Sunday, July 18, 2010

Oh, for the want of good counsel

Oh, for the want of good counsel

Nirad Mudur

The greatest trust between man and man is the trust of giving counsel... The wisest princes need not think it any diminution to their greatness or derogation to their sufficiency, to rely upon counsel — Francis Bacon in Essays, Civil and Moral.
That's also something that our state government and civic agencies in Bangalore need — just as much as all of humankind — to take the right decisions by using the right counsel or advice. For civic agencies, it boils down to having the right advisors with public convenience topping the target list. But it appears that advisors, if any, exist only on paper, while decisions that are finally taken (or reversed) are heavily coloured with political hues.
What else can one see in our chief minister's Friday volte-face on the war memorial at Indira Gandhi Musical Fountain Park? It's not the question of the decision itself, but the fact that in just over a fortnight a decision to disallow the memorial from coming up inside the park area was turned on its head, stating that the "work had already begun" — a fact he already knew when he disallowed it in the first place, on July 1.
If anything, it only suggests the lack of a good counsel in the process called decision-making. Of course, the bigger picture could be seen as an attempt to extract political mileage through appeasement of one or many players in the field.
If the war memorial is one issue, road widening — and its infamous implement called transfer of development rights (TDR) — is just another among many that showcase the lack of seriousness to listen to advisors.
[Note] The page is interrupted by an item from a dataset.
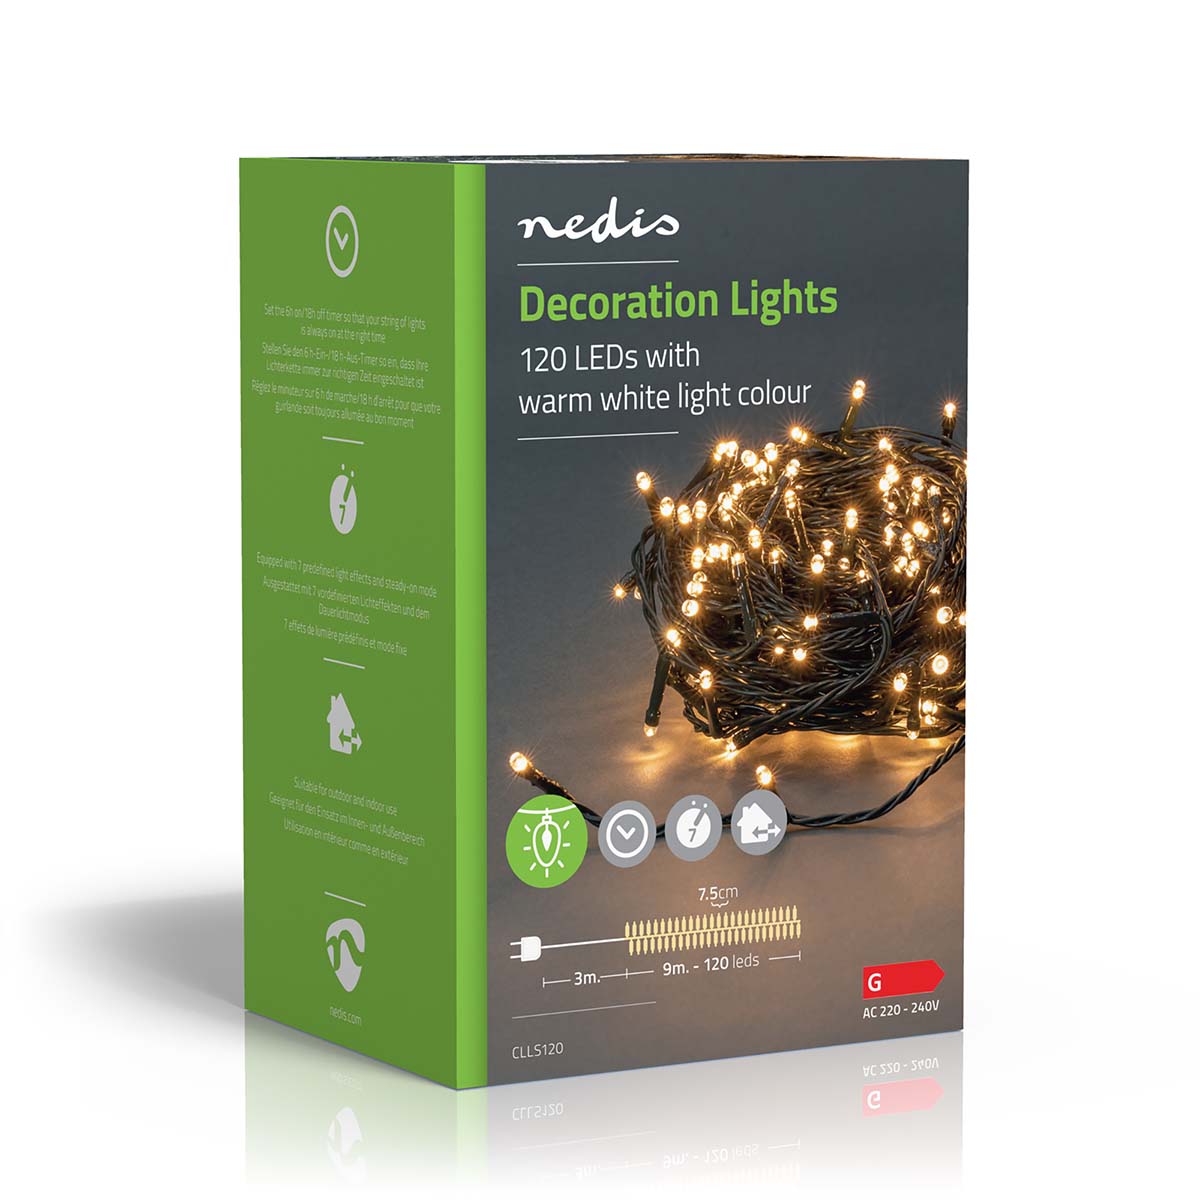 LED-Lichterkette warmweiss 120 LEDs 9m jetzt kaufen - Aktionskönig

There is no doubt that the project was conceived in a jiffy, almost in a desperate hurry to show that the government is indeed serious about looking for answers to Bangalore's problems. In this case, the growing traffic congestion on the roads.
I wonder how many advisors to the government have ventured counselling the political leaders that the solution is not in widening the roads by claiming people's properties, but by encouraging people to shun vehicles. And that it would be well possible if footpaths in the city were cleared, evened up, and made safe for people of all age groups to walk on.
But look at the reality. While more than 37,000 properties on 221 city roads have been marked to be claimed in part of full to widen roads, there is not a single mention about how much of that space would be devoted to safe (not necessarily wide) footpaths. Obviously, the lack of quality advisors culminates in the state government's looking-London-aiming-Tokyo policies, which leads to citizen protests and litigations — all this despite the government picking two ministers to devote their energies for Bangalore's development.
It does not hold water for ministers with whatever portfolios to assume that merely being elected makes them experts in their respective jurisdictions.
They must know, first and foremost, that it's all about having good advisors, and taking their advice.